Get info about a pod (remember to set the namespace):
$ kubectl get pod contrail-agent-7cl7b -n kube-system
NAME READY STATUS RESTARTS AGE
contrail-agent-7cl7b 0/2 Terminating 14 28d
Get more detailed info:
kubectl get pod contrail-agent-7cl7b -n kube-system --output=yaml
...
and check the status:
status:
conditions:
- lastProbeTime: null
lastTransitionTime: "2020-01-28T15:01:22Z"
status: "True"
type: Initialized
- lastProbeTime: null
lastTransitionTime: "2020-01-28T15:50:13Z"

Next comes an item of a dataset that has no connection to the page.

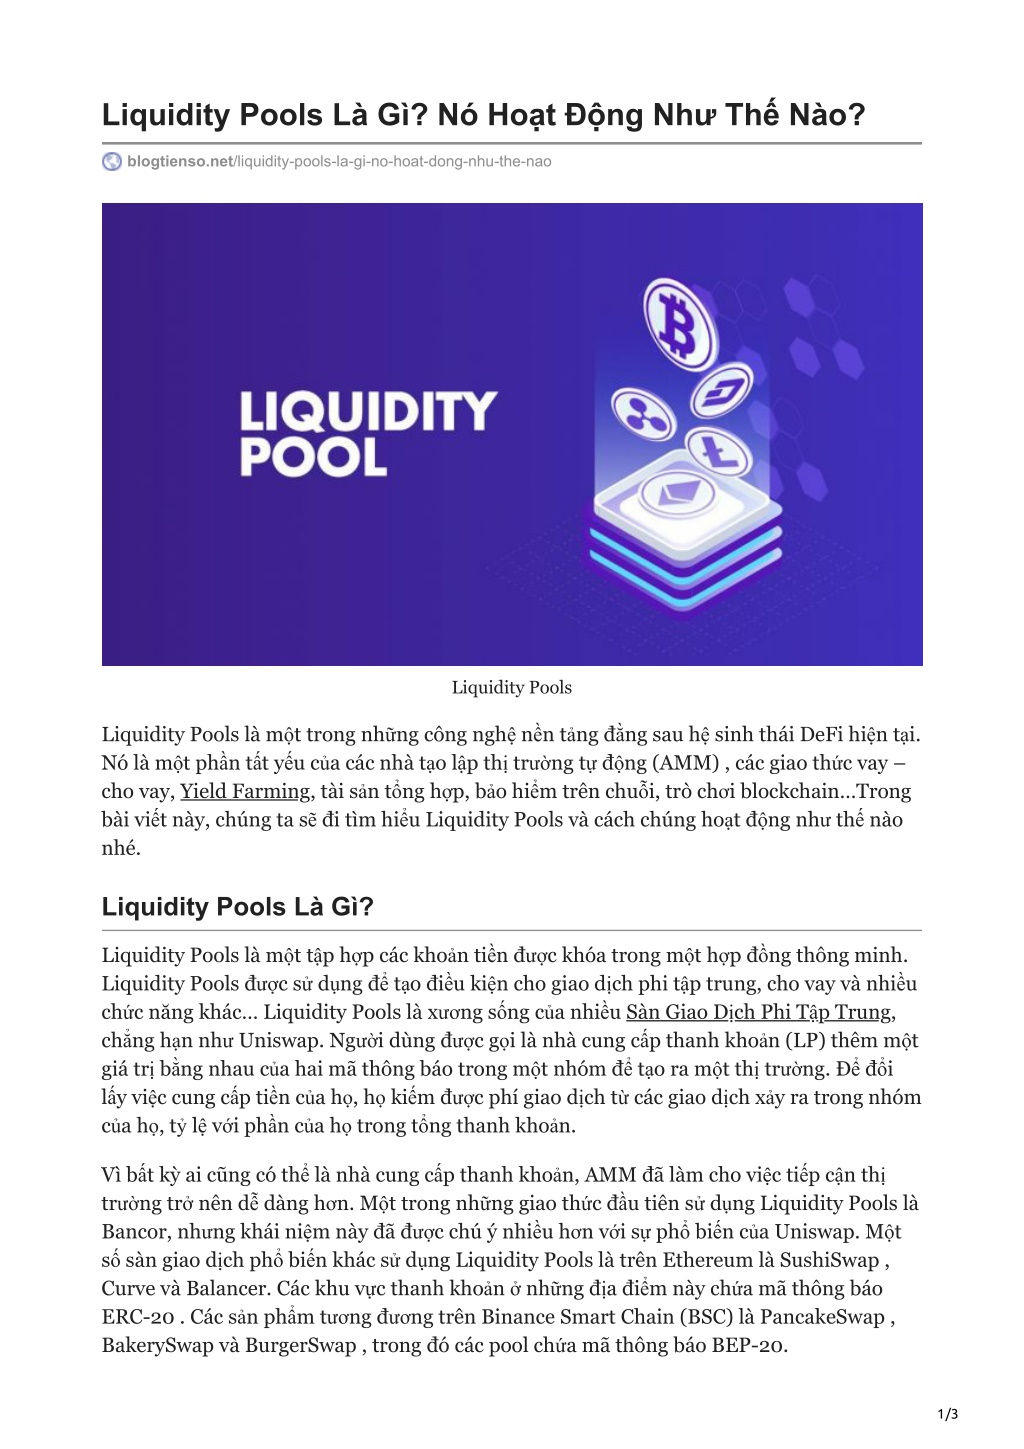 PPT - Liquidity Pools Là Gì? Nó Hot Động Như Thế Nào ...

message: 'containers with unready status: [contrail-vrouter-agent contrail-agent-nodemgr]'
reason: ContainersNotReady
status: "False"
type: Ready
- lastProbeTime: null
lastTransitionTime: "2020-01-28T15:50:13Z"
message: 'containers with unready status: [contrail-vrouter-agent contrail-agent-nodemgr]'
reason: ContainersNotReady
status: "False"
type: ContainersReady
- lastProbeTime: null
lastTransitionTime: "2020-01-28T14:46:11Z"
status: "True"
type: PodScheduled
Try check the lastState and see if there is an eror message also check the exit code of the container:
containerStatuses:
- containerID: docker://10d2e3518108cd47f36d812e2c33fa62d89743b4482dae77fd2e87fc09536140
image: docker.io/opencontrailnightly/contrail-nodemgr:latest
imageID: docker-pullable://docker.io/opencontrailnightly/contrail-nodemgr@sha256:3a73ee7cc262fe0f24996b7f910f7c135a143f3a94874bf9ce8c125ae26368d3
lastState: {}
name: contrail-agent-nodemgr
ready: false
restartCount: 1
started: false
state:
terminated:
exitCode: 0
finishedAt: null
startedAt: null
Unfortunately not much for us here.
So now try getting the logs for the container in the pod…with:
$ kubectl logs contrail-agent-7cl7b contrail-vrouter-agent -n kube-system
Error from server (BadRequest): container "contrail-vrouter-agent" in pod "contrail-agent-7cl7b" is terminated
Looks like you cannot get the logs from a terminated pod.
This is the reason why an external log agregator is recommended – like prometheus.